## REQUIRED WORK
An exact transcription of all the data is required, with every image removed.

## DATASET EXTRACT

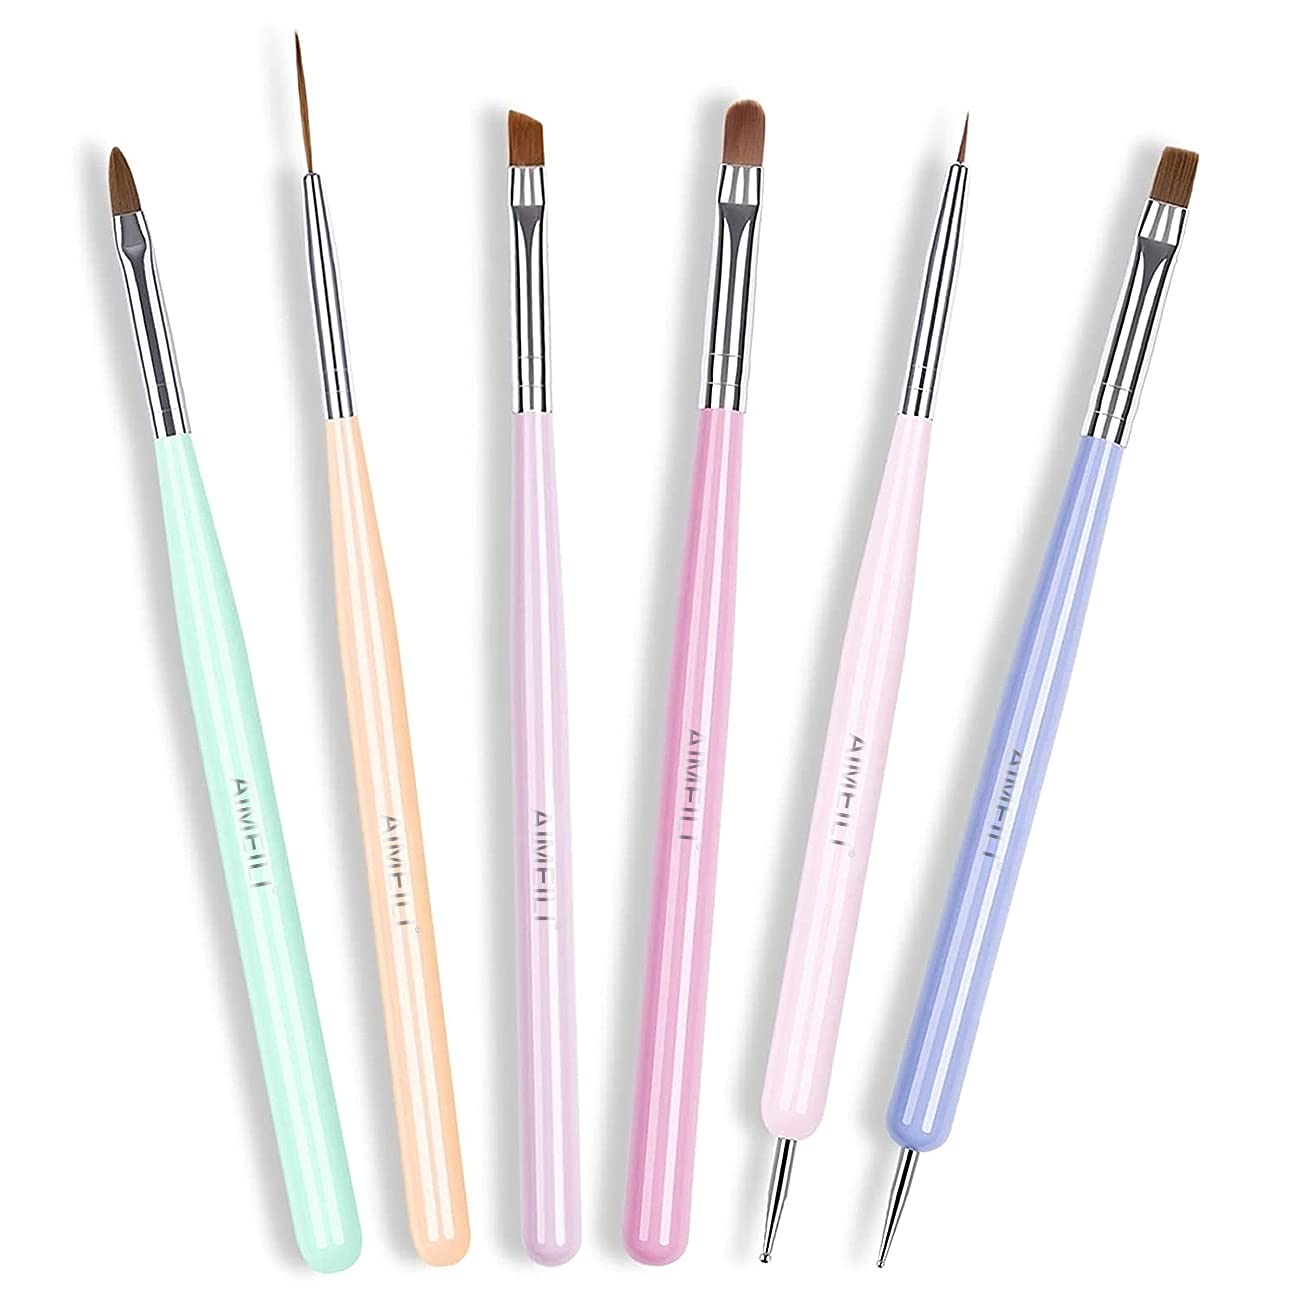 AIMEILI Nail Art Brushes Acrylic Nail Brush Design Pen Set for $3.99 + Free Shipping w/ Prime or Orders $25+
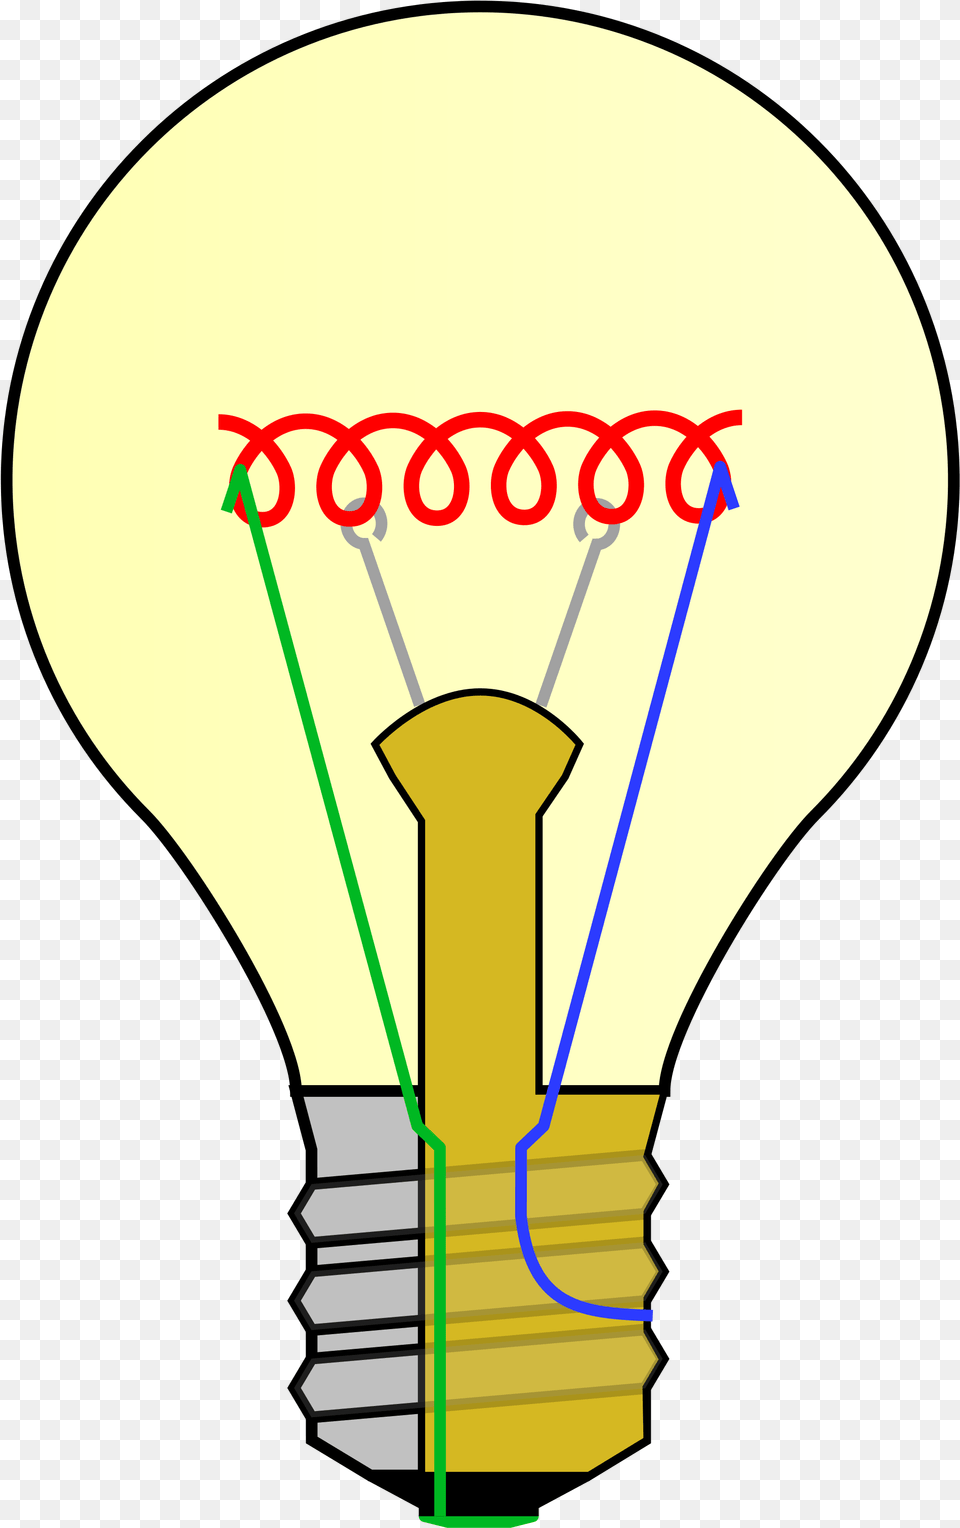 Fileincandescent Light Bulb No Labelssvg Wikimedia Commons Incandescent Light Bulb Diagram, Lightbulb, Dynamite, Weapon Png
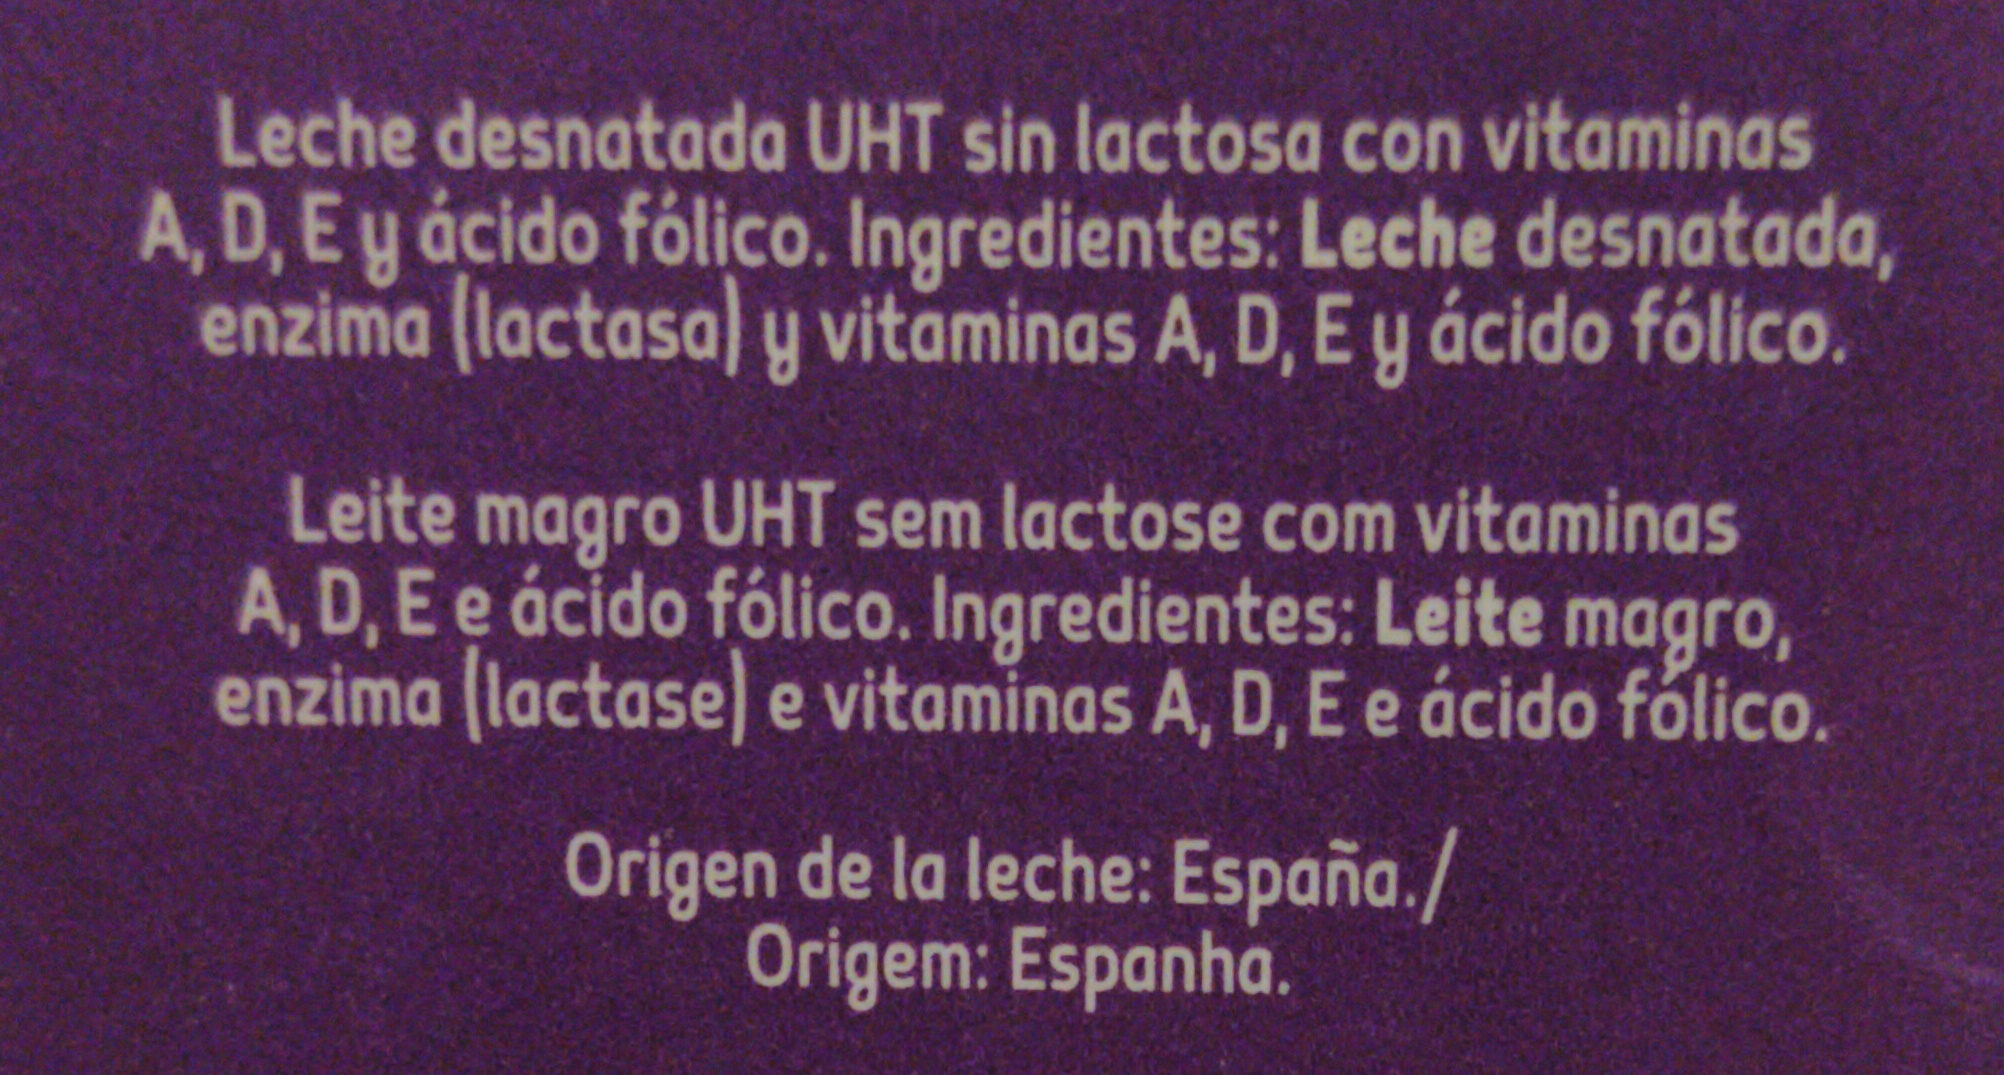 Leche desnatada sin lactosa - Ingredientes
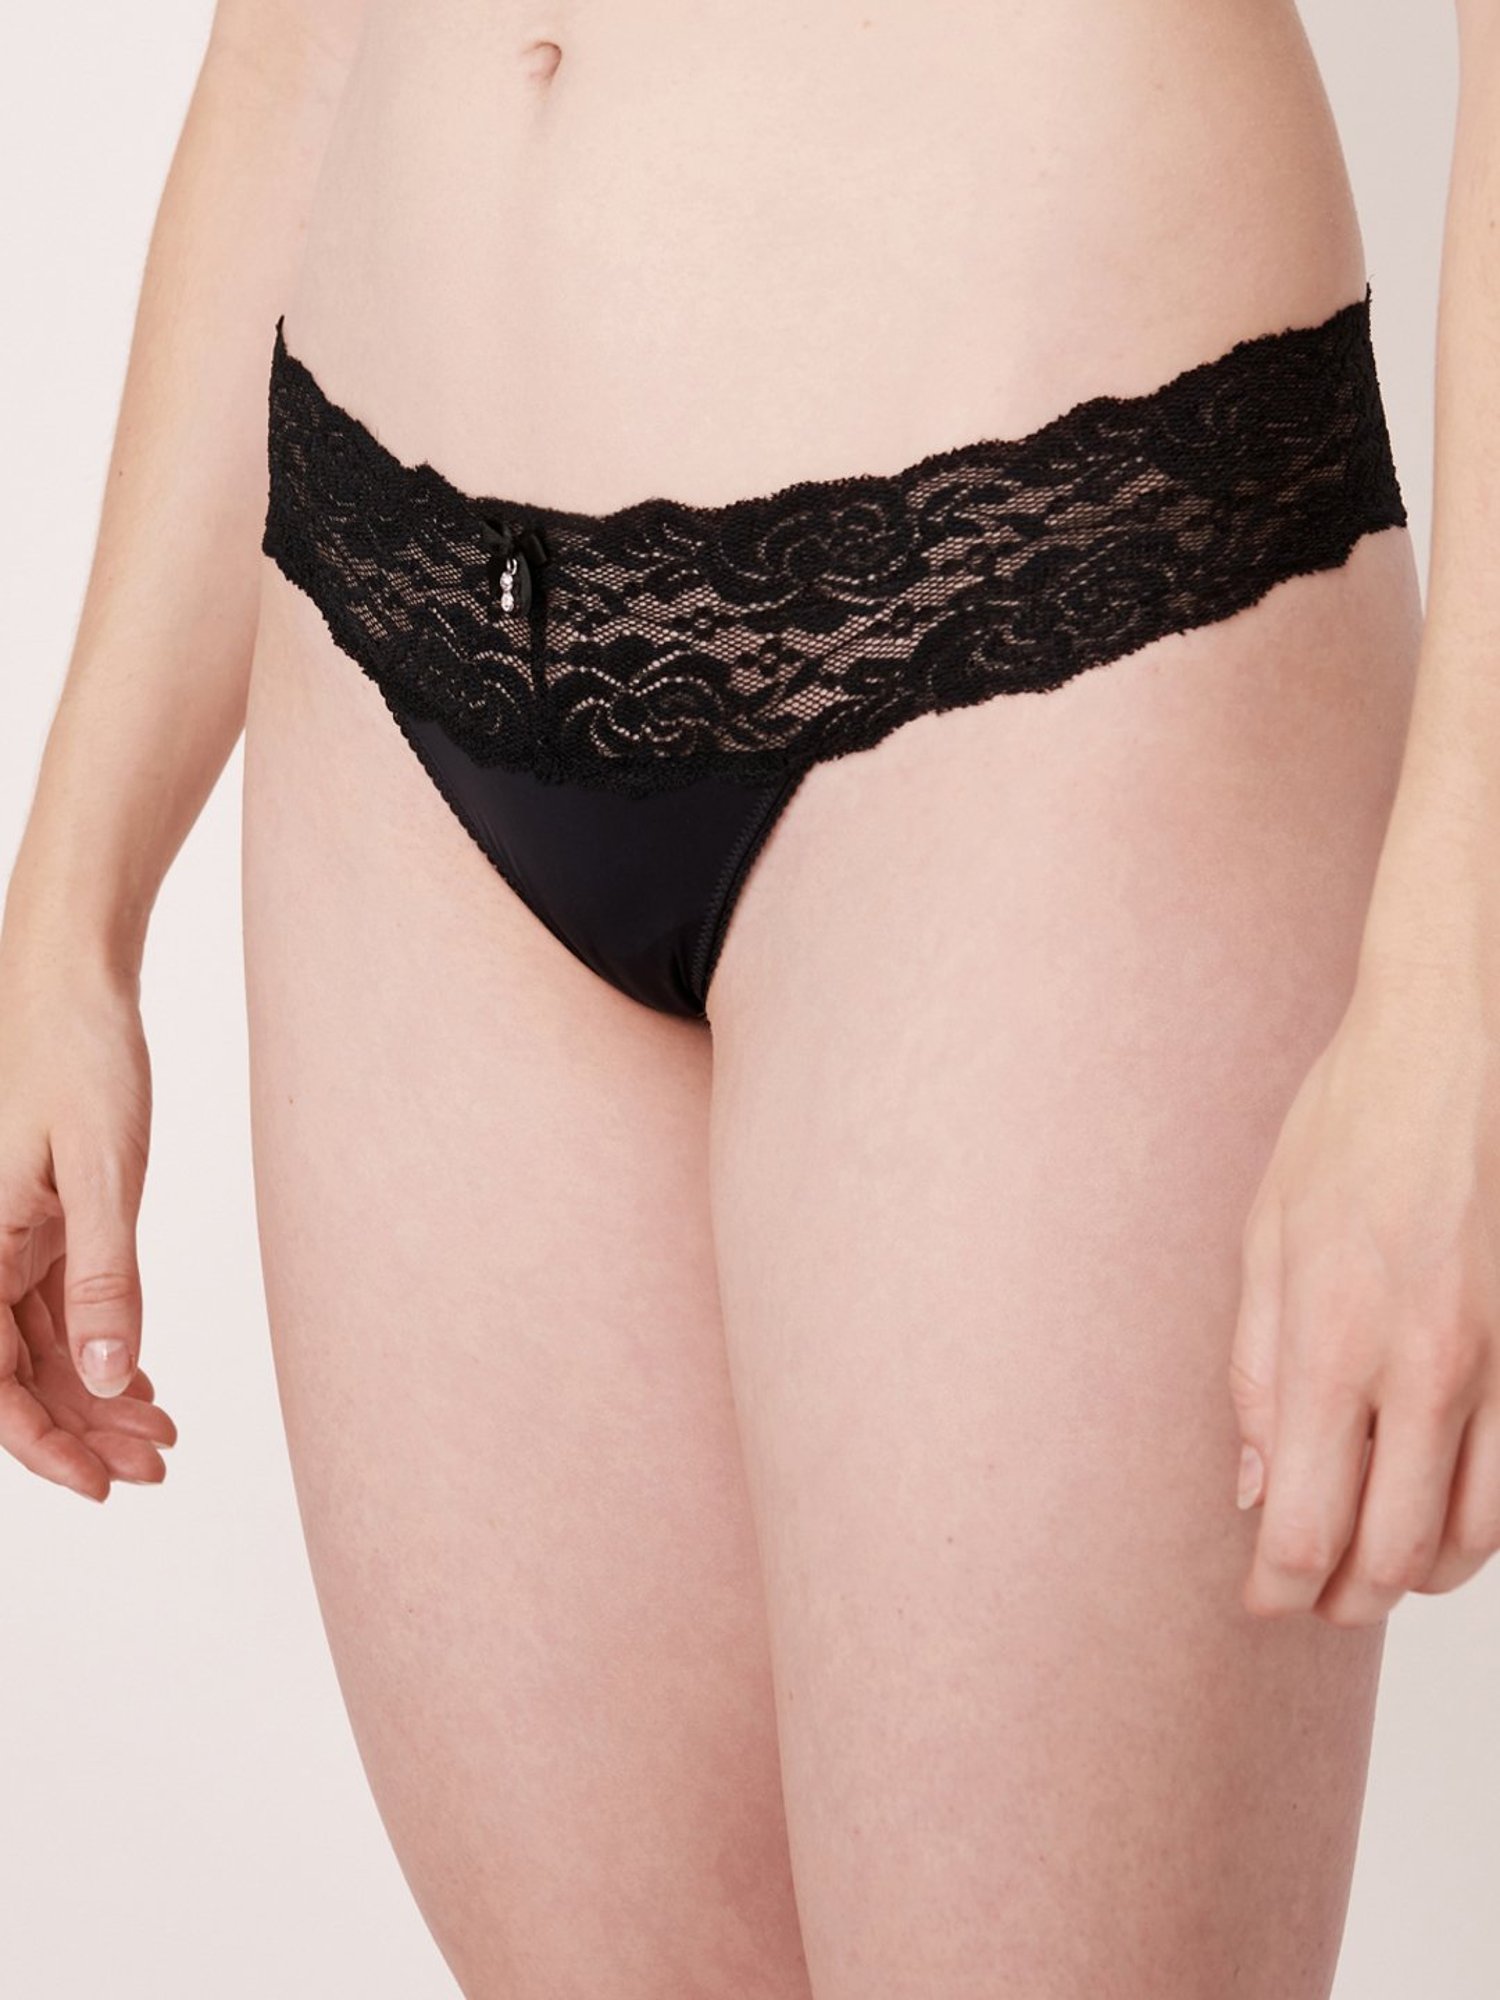 Buy Da Intimo Black Nylon Thong Panty for Women Online @ Tata CLiQ

## RESPONSE BELOW
 AIMEILI Nail Art Brushes Acrylic Nail Brush Design Pen Set for $3.99 + Free Shipping w/ Prime or Orders $25+
 Fileincandescent Light Bulb No Labelssvg Wikimedia Commons Incandescent Light Bulb Diagram, Lightbulb, Dynamite, Weapon Png
 Leche desnatada sin lactosa - Ingredientes
 Buy Da Intimo Black Nylon Thong Panty for Women Online @ Tata CLiQ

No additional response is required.